New Resume: Published on The Huffington Post, The Inquisitr, Diply,
Thought Catalog, Elite Daily, etc.

How in THE HECK did I go from no confidence, no experience, and barely getting paid to working with some of the best brands in the publishing world?

I wrote a cover letter.

I know, totally not the answer you were expecting. But on Upwork, the cover letter is probably 75 percent of the reason clients even give you the time of day. Yeah, your profile certainly has something to do with it, but even if that’s immaculate you still won’t get noticed if your cover letter sucks.

Why Cover Letters Are Important. Period.

For writers, our cover letter is our sample! Think about that for a second. Computer coders don’t design websites and send over the link to them as social proof. As writers, our cover letters are about 400 times more important because it’s both a sample and the written version of our elevator speech.

So throw out everything else that contributes to Upwork success for a moment. Let’s focus on cover letters.

Here’s my first one.

It’s cringeworthy to read that, I know. My gosh. You can feel how desperate I was. But the truth is, for the beginner with zero experience, you can learn so much through this terrible cover letter.

For one, it worked.

I got the job with these words. I got more jobs after with these words. For all its flaws, it doesn’t go too overboard.

First Paragraph Analysis

“I’m the man for the job.” It’s dinky, for sure, but it’s absolutely needed.
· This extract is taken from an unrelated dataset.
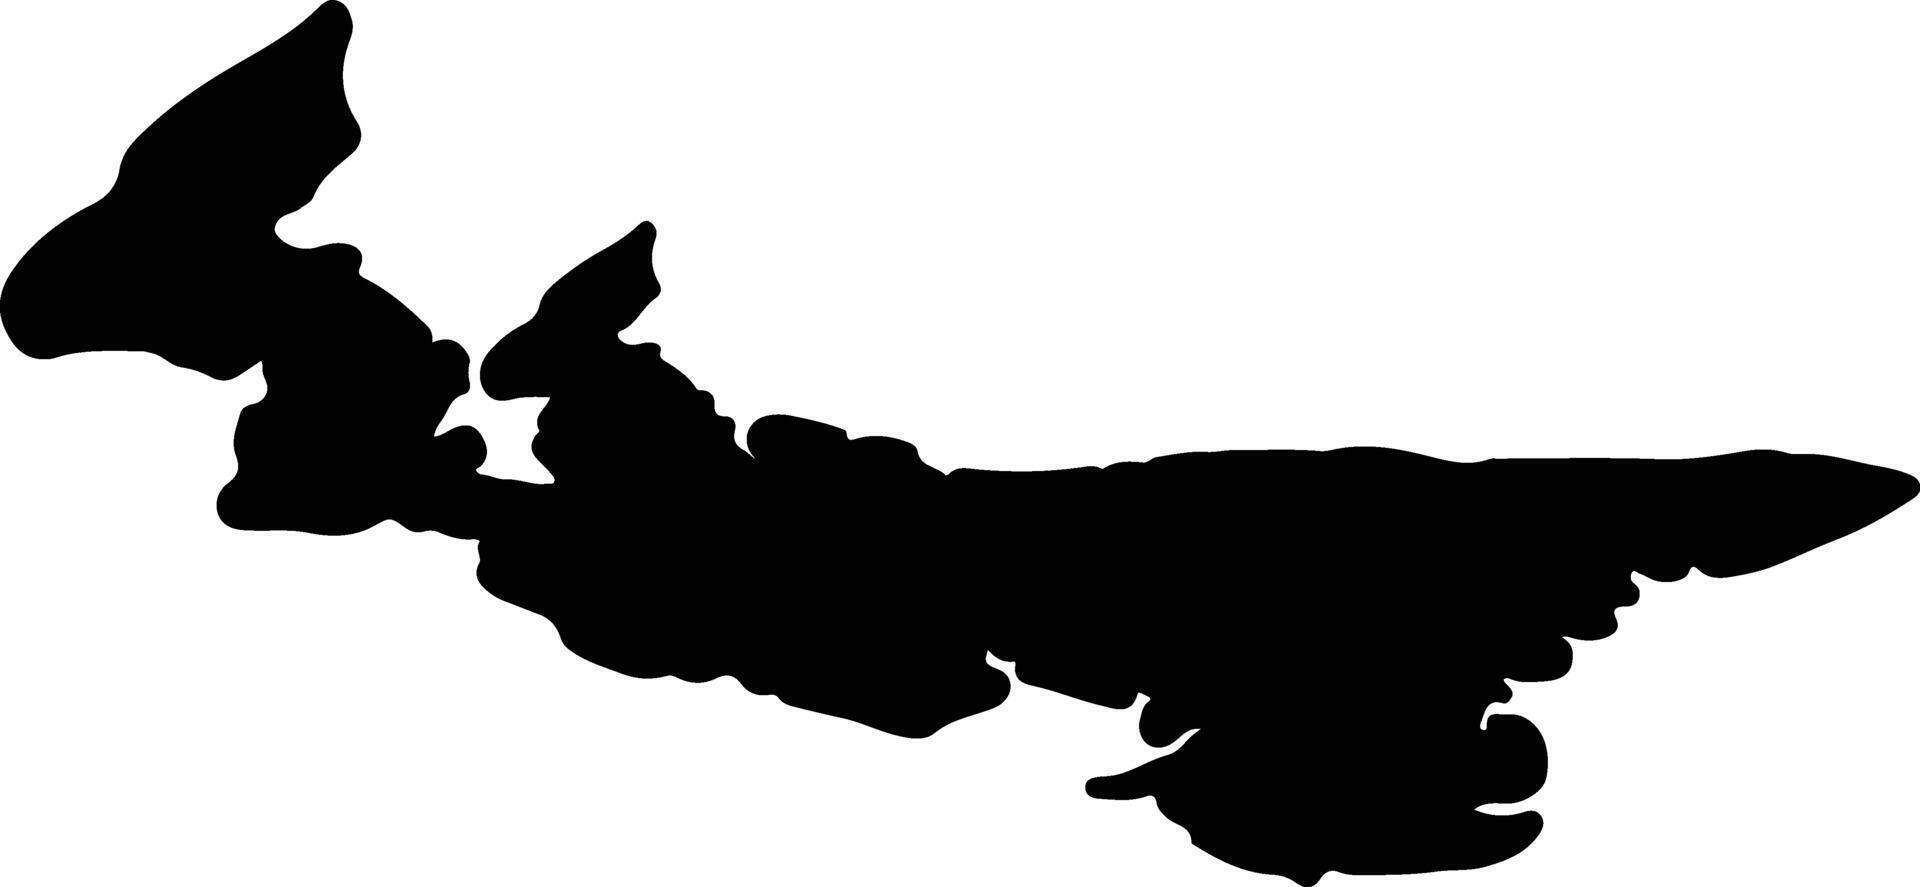 Prince Edward Island Canada silhouette map vector

I’ve opted with “I can do this for you,” as my opening line lately, but in my defense I didn’t have as much finesse back then.

The second sentence is living proof that no matter how much I say my degree was worthless, it actually did do something for my social proof.

I want to pay attention to the last sentence, though.

I’m downplaying my inexperience pretty well here. It makes it seem like I could be doing other things, and brings even more social proof into the equation by saying “everybody tells me I have a knack for writing.”

This doesn’t prove my talent directly, but it does help my case #loophole.

Analysis Of Final Two Paragraphs

My next two paragraphs exude passion. I want to write. I’m here because I LOVE it, not because I need to make some cash. And you know what? I’m relying on the (future) client’s feelings now. I’m no longer trying to prove myself as a capable writer, I’m appealing directly to their heart and soul.

Too bad I derail all that progress with a terrible last line like “I’m willing to negotiate the hourly rate.” You can look at this from one of two ways:

  1. It doesn’t help because it shows I’m desperate.
  2. It helps tremendously because after a well-crafted cover letter (that shows I can write some damn words), I’m a good option because I’m willing to affect their bottom line positively.

I’ll leave it up to you to decide whether to leave it in there.

A Few More Things

I did say I had blogging experience. One year I believe. That’s because I did. Just because I was horrible at it and never got any readers doesn’t mean I can’t put it in my cover letter! They never asked if I was any good. Just sayin' #fakeittomakeit.

This is not my first ever cover letter, but I’m 99 percent sure it’s essentially a carbon copy. I mentioned writing an ebook for a client in the body itself. Once again, that’s because I did. I also attached said ebook to the end of my letter.

Look guys, you do need SOME writing experience if you want to land Upwork jobs, but many times if you’re already passionate about the job you want, you have samples already!

And even if you don’t have samples, it’s easy to get some. Do some free work for somebody. If you’re a Graphic Designer, make up a company and create a logo/other materials.

This is where you have to hustle.

Yeah, I had some experience, but I knew I really had none that were really worth anything. As far as I was concerned, real experience was work that was paid for.

So, if you’re trying to get your first job on Upwork, I hope you can learn from my not-so-stellar first one and maybe use a few of the same tactics I did.